Il terzo set è stato un frullato di emozioni. La Zheng ha cercato di restare calma, pur incitandosi con vari “Come On” (proprio lei, che parla maluccio l’inglese). Avanti 3-0 e poi 4-1 (con due palle break del 5-1), il suo tennis frenetico sembrava sufficiente a vincere senza patemi. Ma anche i cinesi hanno sentimenti. Dietro il muso giallo, impassibile, si nasconde un cuore come gli altri. E allora sono fioccati gli errori che hanno consentito a Venus di rimettersi in gara, peraltro con alcune giocate di pregevole fattura.
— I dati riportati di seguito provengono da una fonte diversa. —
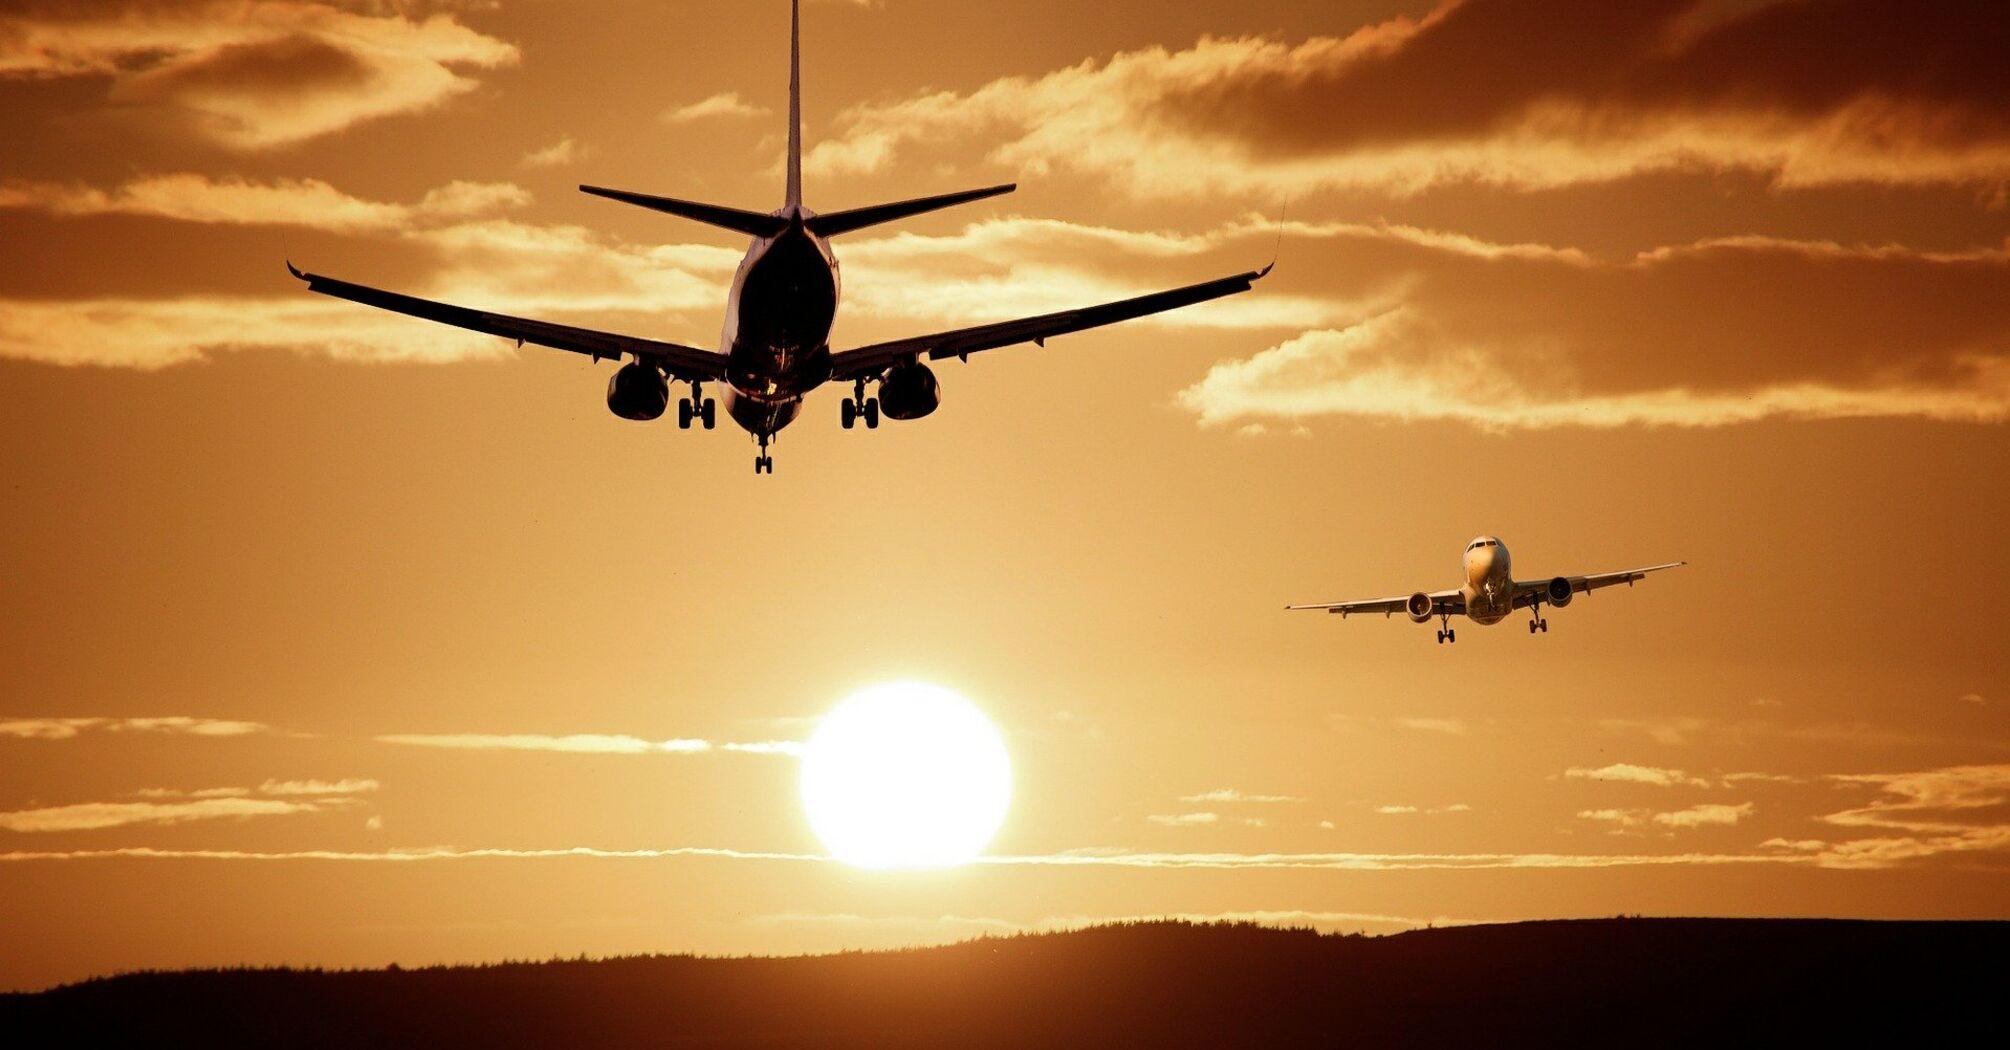 У МЗС назвали країни, з якими у першу чергу може відновитися авіасполучення

Al tie-break, mentre gli aerei rombavano sopra Flushing Meadows come succedeva prima dell’ordinanza di David Dinkins, ex sindaco di New York, che pensò bene di imporre rotte alternative per l’aeroporto di La Guardia, Venus ha mostrato ogni sua debolezza. 1-0, 1-4 e faticosa rimonta fino al 5-5. A quel punto, la vecchia Venus avrebbe azzannato la partita. Invece ha sbagliato una clamorosa volèe sopra la rete (sacrilegio, per chi ha vinto cinque Wimbledon!) e ha regalato il successo alla Zheng con un’anonima risposta in corridoio. Una desolazione mitigata dalla capacità di sorridere alla sua avversaria anche dopo l’ennesima delusione, e dal timido “I’m sorry” pronunciato dalla Zheng durante l’intervista sul campo. Venus è fuori, viva Venus. Sperando che abbia voglia di giocare ancora un po’. Per togliersi ancora qualche soddisfazione, ma per quel sorriso che ha molto da insegnare a tante vipere che affollano il circuito WTA.